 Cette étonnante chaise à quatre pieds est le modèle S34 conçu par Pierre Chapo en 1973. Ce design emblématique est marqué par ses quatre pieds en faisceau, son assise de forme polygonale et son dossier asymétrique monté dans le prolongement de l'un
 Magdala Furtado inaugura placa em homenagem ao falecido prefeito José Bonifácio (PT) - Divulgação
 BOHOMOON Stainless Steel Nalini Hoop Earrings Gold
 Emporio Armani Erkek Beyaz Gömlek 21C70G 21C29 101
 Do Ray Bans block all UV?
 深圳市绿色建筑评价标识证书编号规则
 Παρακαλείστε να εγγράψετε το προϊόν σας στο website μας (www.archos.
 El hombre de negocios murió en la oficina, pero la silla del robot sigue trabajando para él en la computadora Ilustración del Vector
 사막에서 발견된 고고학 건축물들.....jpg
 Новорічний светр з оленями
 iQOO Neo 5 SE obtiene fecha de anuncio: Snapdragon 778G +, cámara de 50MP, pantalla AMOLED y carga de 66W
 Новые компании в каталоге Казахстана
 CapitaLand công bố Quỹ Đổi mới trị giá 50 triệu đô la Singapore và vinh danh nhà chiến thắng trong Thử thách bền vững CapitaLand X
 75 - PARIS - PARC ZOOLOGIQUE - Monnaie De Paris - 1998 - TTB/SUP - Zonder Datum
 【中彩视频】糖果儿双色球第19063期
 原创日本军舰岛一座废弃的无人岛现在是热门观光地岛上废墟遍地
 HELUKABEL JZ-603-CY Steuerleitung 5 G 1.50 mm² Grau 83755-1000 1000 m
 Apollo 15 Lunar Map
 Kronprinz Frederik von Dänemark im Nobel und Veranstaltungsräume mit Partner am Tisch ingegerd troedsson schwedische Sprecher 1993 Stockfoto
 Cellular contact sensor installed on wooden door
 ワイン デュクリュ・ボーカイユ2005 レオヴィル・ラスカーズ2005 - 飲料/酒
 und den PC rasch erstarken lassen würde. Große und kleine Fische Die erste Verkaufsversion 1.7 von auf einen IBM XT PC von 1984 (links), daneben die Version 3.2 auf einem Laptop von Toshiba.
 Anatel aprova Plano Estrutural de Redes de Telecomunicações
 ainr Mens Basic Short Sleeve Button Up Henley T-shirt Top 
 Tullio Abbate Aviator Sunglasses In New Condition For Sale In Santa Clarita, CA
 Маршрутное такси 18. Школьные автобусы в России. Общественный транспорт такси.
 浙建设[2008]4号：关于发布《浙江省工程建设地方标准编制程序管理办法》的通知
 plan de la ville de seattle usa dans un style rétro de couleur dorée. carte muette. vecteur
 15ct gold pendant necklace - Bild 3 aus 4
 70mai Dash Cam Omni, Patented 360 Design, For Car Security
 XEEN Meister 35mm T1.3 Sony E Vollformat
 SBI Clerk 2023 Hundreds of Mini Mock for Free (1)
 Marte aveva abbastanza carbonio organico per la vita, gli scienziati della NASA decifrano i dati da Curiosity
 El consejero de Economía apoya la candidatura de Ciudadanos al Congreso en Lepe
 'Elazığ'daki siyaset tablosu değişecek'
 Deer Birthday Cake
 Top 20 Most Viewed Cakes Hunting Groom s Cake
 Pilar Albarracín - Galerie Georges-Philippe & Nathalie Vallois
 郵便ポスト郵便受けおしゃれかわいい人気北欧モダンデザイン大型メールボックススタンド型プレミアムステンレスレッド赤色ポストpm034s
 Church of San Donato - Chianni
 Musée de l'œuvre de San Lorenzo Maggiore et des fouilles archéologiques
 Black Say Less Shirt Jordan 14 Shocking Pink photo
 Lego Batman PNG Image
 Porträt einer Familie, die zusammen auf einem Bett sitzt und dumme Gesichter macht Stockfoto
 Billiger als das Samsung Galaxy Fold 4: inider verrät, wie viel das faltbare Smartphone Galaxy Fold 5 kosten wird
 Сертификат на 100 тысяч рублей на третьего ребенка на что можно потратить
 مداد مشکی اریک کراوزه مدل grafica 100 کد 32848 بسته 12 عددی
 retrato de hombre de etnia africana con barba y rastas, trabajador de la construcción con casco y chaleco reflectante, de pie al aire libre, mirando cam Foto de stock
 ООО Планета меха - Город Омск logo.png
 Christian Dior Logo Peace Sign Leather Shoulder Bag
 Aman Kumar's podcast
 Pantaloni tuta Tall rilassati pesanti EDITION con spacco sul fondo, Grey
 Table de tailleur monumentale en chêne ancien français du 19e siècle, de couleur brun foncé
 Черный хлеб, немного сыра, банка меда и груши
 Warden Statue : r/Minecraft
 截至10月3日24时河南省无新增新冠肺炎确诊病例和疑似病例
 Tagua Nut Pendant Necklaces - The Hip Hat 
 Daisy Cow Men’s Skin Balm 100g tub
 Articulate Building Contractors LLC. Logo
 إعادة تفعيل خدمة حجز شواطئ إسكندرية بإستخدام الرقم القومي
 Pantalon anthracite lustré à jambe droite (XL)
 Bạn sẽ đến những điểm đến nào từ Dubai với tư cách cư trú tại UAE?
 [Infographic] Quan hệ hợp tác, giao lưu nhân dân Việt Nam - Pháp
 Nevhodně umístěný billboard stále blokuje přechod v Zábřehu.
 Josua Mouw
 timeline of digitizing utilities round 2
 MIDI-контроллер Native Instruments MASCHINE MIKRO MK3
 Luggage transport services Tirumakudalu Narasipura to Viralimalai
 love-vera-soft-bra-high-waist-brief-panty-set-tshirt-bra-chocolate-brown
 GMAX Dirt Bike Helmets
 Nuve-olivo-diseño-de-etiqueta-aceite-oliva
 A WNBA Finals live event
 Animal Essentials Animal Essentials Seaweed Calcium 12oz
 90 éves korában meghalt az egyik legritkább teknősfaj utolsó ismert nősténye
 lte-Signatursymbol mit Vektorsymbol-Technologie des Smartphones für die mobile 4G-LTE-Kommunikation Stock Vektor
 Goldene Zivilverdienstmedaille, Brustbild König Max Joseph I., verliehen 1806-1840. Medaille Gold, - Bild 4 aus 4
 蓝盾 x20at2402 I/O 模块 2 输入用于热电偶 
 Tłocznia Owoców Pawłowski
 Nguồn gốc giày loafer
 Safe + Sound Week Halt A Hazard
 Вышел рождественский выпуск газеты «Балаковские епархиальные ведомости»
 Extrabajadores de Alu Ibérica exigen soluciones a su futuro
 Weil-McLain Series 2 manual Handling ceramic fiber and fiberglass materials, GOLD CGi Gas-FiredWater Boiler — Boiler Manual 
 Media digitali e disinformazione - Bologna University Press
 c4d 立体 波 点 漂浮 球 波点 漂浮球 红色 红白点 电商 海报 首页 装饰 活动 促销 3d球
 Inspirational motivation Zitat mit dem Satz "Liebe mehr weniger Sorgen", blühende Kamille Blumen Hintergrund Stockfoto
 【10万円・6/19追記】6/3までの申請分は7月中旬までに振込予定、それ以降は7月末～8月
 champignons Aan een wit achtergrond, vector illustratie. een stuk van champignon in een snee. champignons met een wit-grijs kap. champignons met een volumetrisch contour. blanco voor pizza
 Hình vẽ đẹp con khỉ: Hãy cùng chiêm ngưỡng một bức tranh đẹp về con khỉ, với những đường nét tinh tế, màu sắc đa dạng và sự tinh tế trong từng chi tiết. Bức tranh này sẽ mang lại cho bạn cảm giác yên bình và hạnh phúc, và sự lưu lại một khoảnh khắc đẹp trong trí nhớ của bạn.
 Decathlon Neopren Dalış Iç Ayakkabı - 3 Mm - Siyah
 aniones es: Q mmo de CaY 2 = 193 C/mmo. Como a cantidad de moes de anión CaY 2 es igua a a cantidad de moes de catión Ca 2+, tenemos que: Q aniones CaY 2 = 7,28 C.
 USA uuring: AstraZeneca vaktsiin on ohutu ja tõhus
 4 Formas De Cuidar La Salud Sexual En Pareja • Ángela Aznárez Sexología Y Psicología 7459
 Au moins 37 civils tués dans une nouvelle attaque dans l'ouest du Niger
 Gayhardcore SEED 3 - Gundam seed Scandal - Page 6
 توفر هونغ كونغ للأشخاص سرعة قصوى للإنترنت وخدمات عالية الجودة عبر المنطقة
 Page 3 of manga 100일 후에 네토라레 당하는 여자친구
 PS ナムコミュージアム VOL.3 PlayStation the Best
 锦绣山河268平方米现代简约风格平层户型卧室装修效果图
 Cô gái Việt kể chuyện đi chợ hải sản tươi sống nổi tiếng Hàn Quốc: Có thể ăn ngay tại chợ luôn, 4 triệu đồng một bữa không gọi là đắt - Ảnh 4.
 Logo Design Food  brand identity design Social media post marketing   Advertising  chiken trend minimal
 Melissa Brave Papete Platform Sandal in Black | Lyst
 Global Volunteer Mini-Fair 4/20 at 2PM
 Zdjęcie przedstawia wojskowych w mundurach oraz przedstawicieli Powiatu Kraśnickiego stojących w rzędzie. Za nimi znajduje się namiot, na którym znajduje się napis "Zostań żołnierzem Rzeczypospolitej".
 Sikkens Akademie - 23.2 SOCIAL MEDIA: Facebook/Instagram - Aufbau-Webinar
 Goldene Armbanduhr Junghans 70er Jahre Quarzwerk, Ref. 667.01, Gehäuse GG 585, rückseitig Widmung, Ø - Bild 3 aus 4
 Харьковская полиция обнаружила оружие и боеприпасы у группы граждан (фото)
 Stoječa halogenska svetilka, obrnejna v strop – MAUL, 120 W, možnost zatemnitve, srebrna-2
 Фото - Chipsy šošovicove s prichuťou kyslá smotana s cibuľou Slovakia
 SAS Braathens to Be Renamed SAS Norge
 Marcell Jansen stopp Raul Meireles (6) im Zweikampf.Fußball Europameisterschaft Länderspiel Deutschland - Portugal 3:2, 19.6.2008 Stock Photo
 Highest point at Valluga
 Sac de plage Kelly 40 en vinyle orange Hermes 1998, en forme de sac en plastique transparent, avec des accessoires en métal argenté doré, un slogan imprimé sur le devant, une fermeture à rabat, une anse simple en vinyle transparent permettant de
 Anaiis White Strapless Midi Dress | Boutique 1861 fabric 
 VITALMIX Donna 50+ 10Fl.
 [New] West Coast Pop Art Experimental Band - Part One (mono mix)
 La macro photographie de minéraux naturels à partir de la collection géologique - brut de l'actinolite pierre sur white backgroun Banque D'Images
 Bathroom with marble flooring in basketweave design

The problem | Scan the listing for the word "dans". Copy every line in which it appears.

Exercise answer |
 Cette étonnante chaise à quatre pieds est le modèle S34 conçu par Pierre Chapo en 1973. Ce design emblématique est marqué par ses quatre pieds en faisceau, son assise de forme polygonale et son dossier asymétrique monté dans le prolongement de l'un
 plan de la ville de seattle usa dans un style rétro de couleur dorée. carte muette. vecteur
 Au moins 37 civils tués dans une nouvelle attaque dans l'ouest du Niger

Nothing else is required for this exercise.